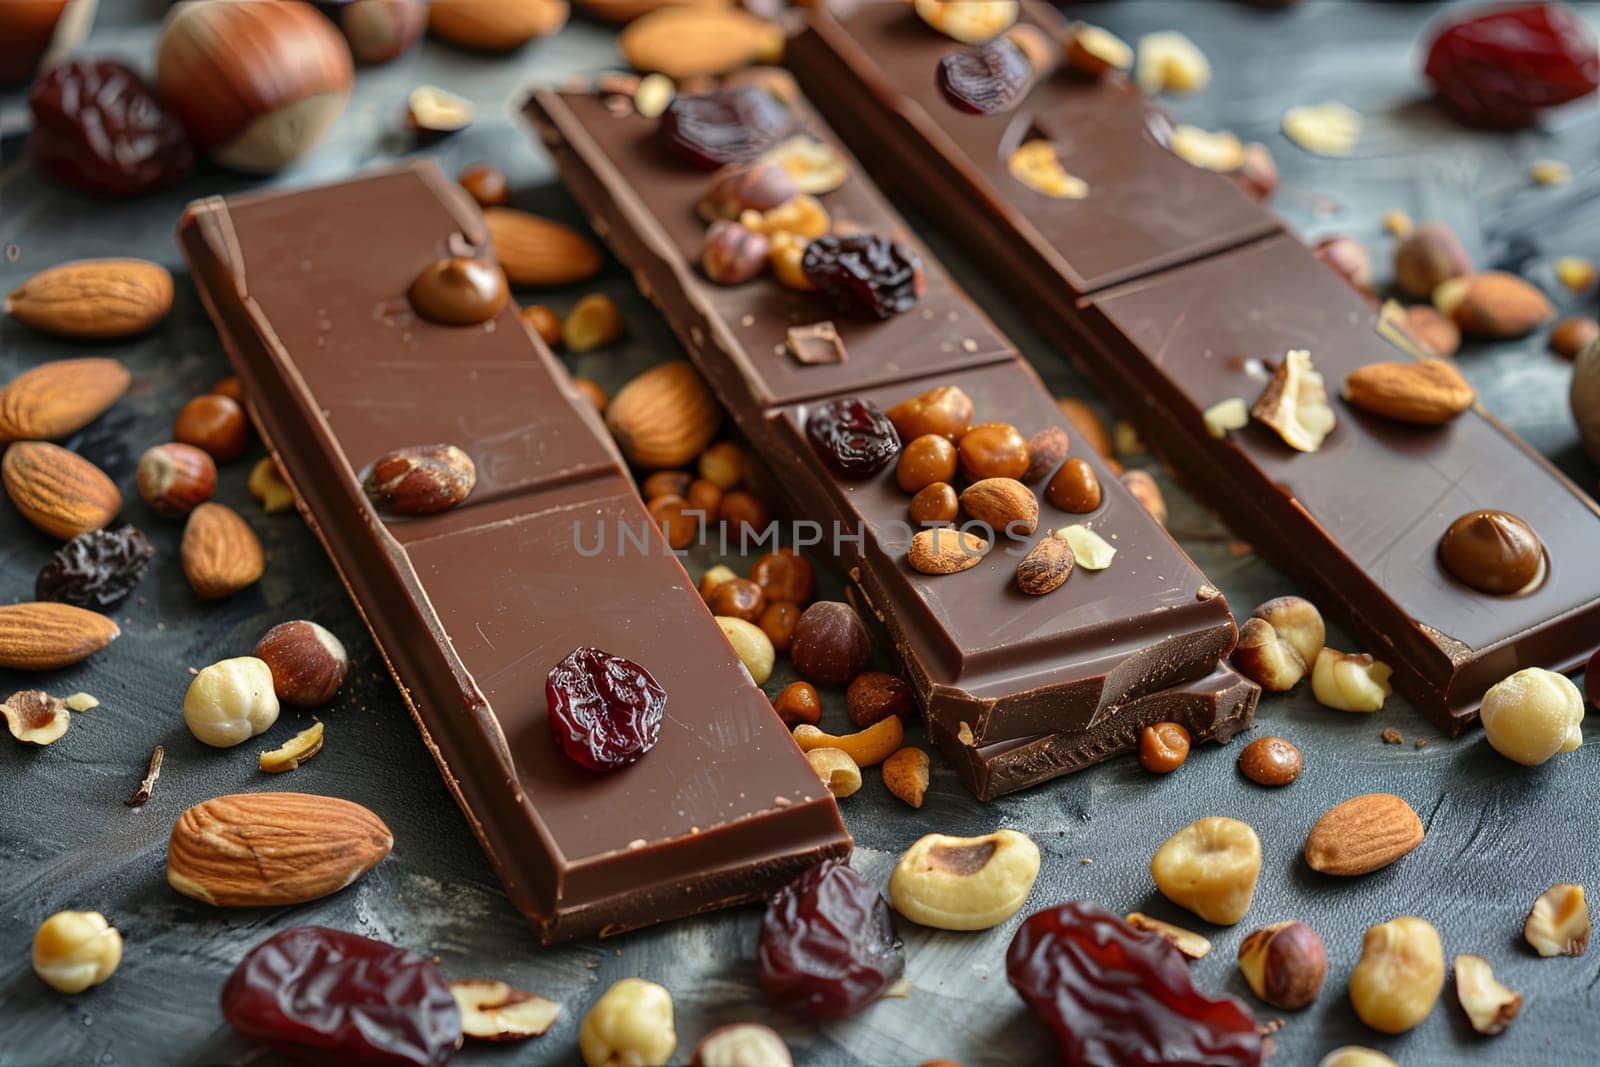 Two pieces of chocolate are topped with nuts and cranberries, creating a visually appealing and appetizing display on a table.
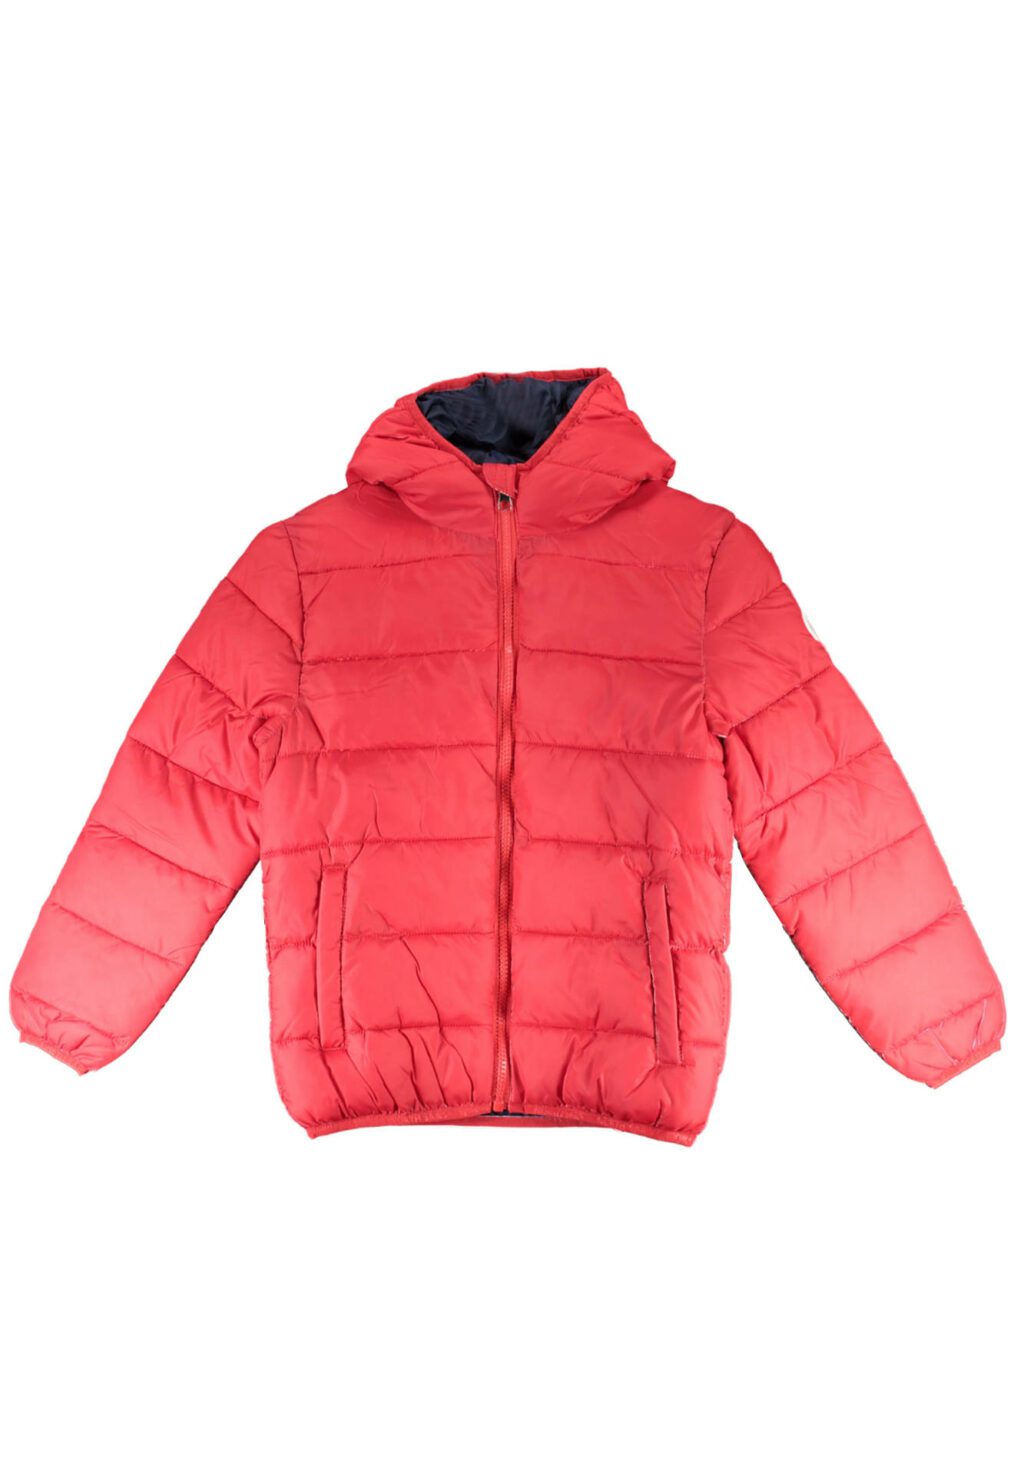 NORTH SAILS RED KIDS JACKET 901194-000_ROSSO_0236
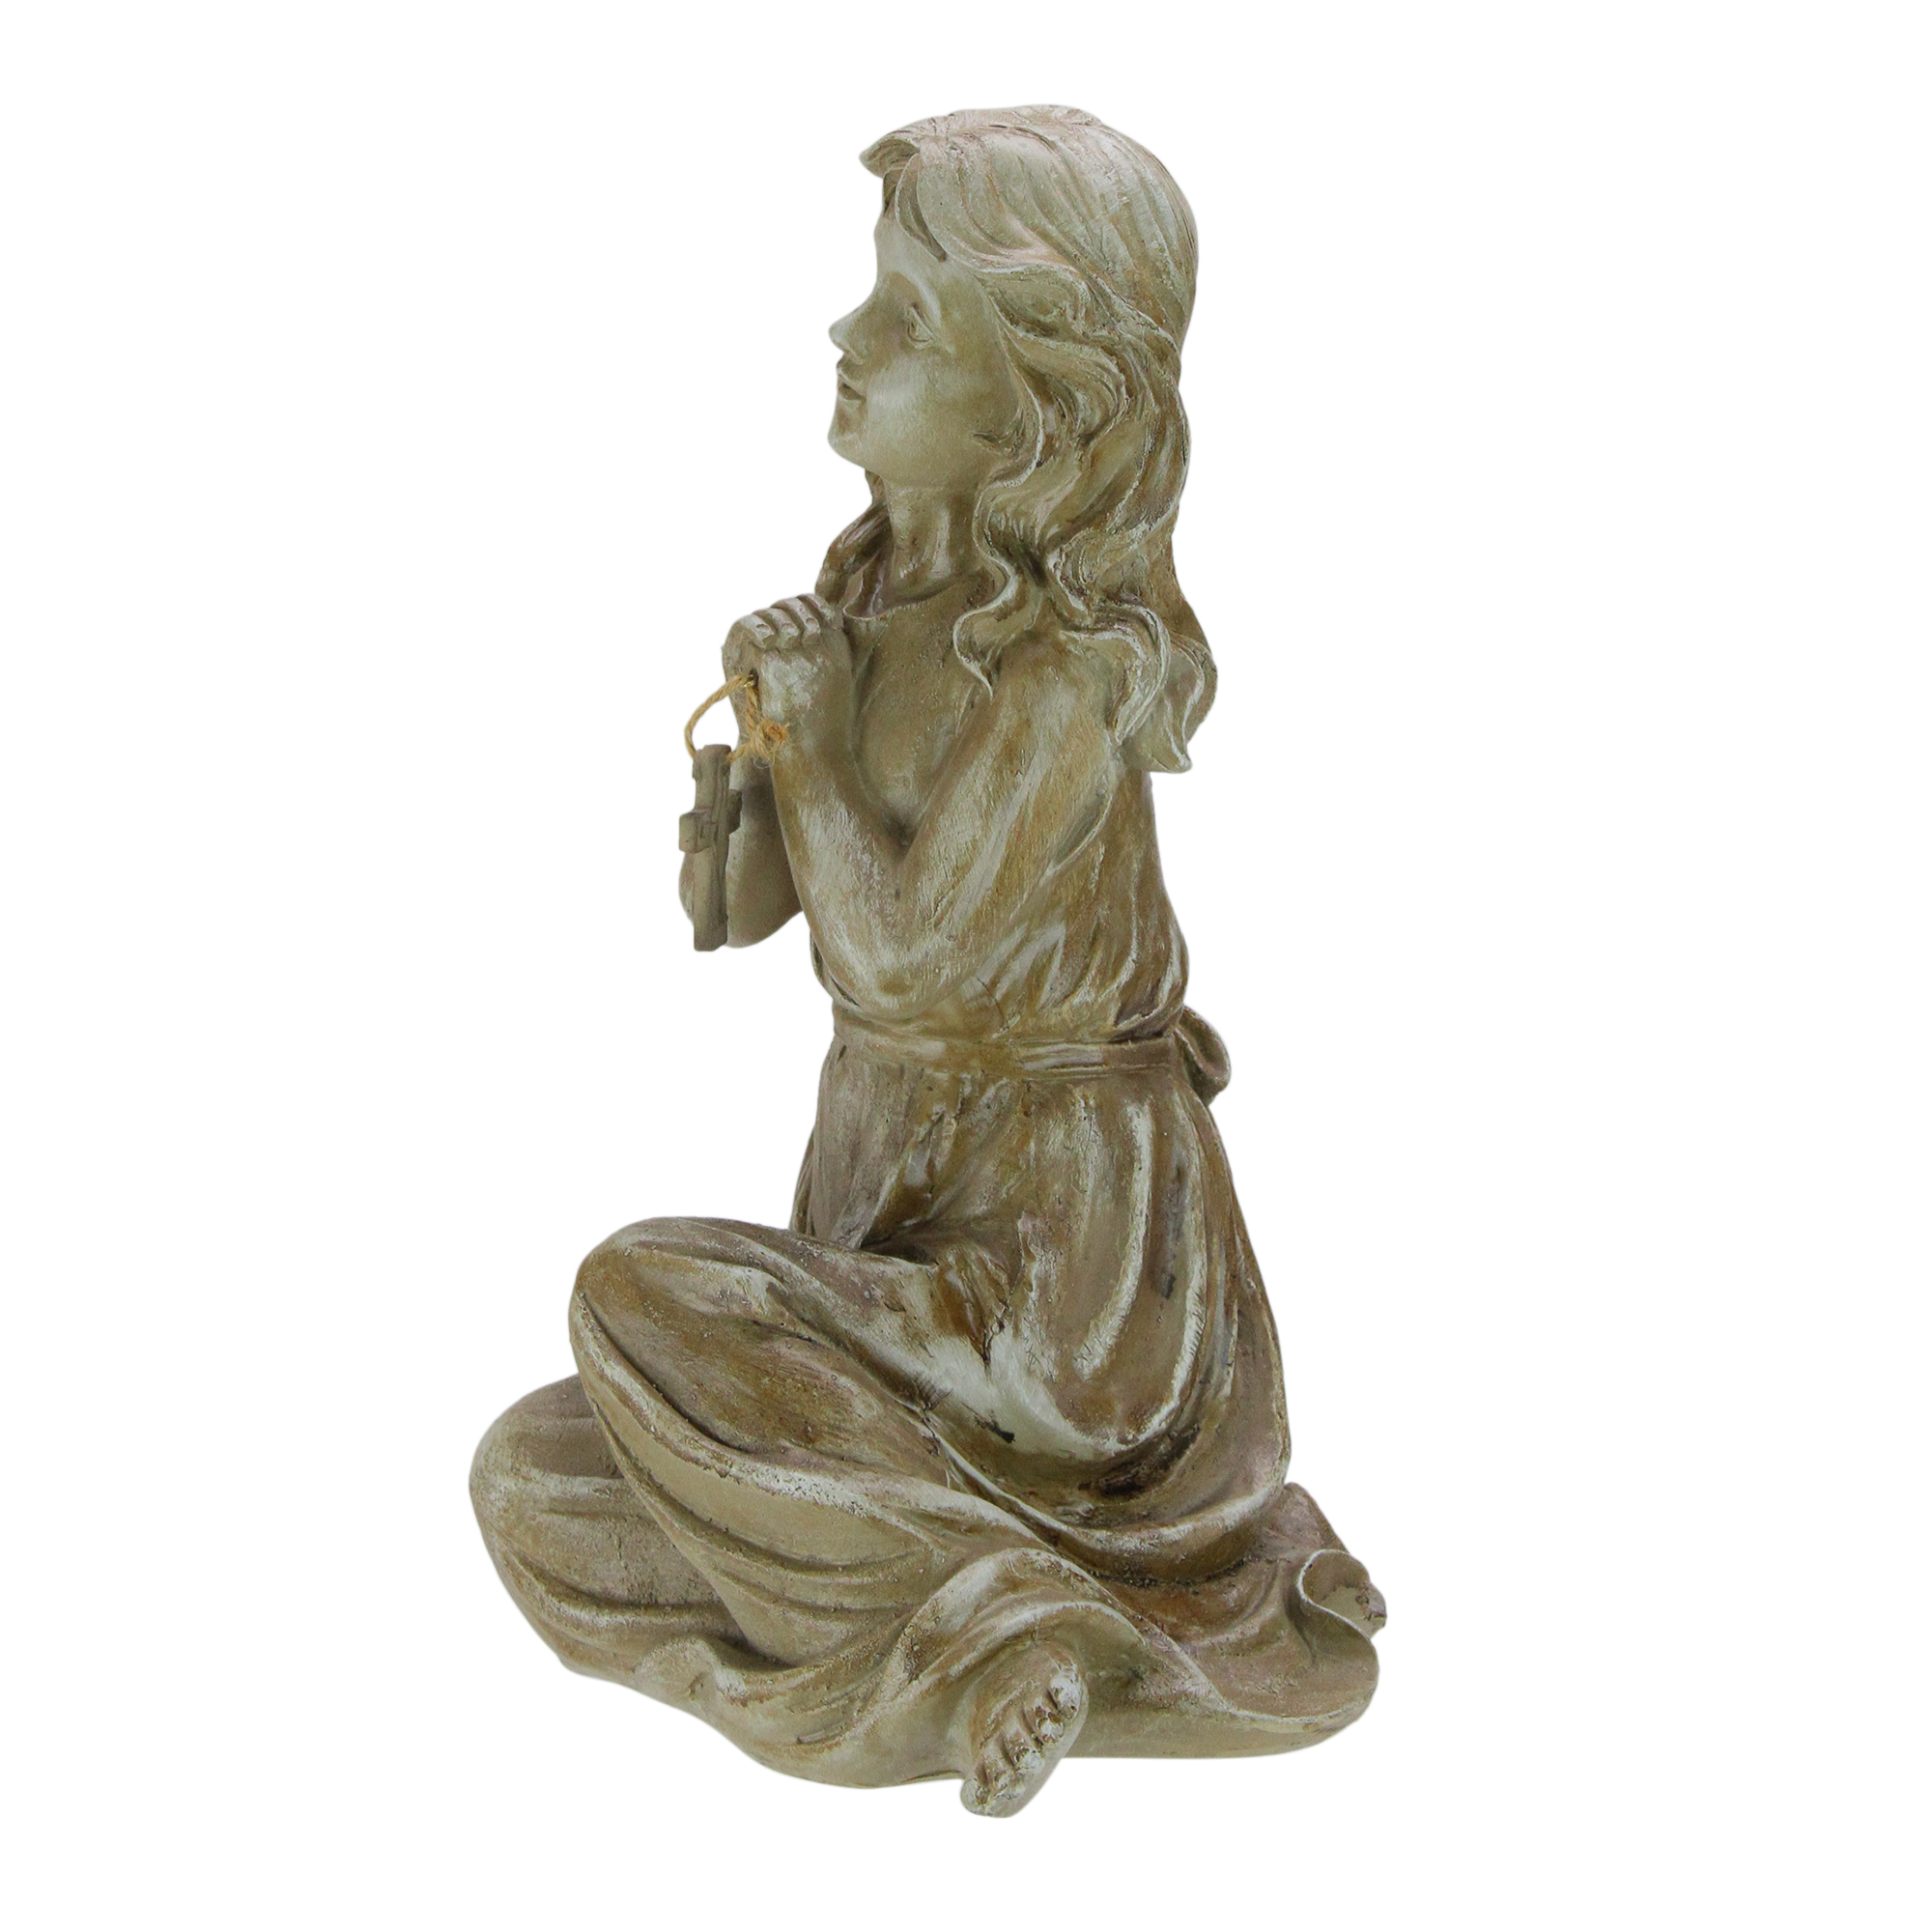 Northlight 14.5" Sitting Angel with Cross Garden Statue Outdoor Decoration - Brown - image 2 of 3
++++++++
- _Work instruction_
Write out again every line above exactly as given; the pictures do not belong in the copy.

- _Your solution_
 Two pieces of chocolate are topped with nuts and cranberries, creating a visually appealing and appetizing display on a table.
 NORTH SAILS RED KIDS JACKET 901194-000_ROSSO_0236
 Northlight 14.5" Sitting Angel with Cross Garden Statue Outdoor Decoration - Brown - image 2 of 3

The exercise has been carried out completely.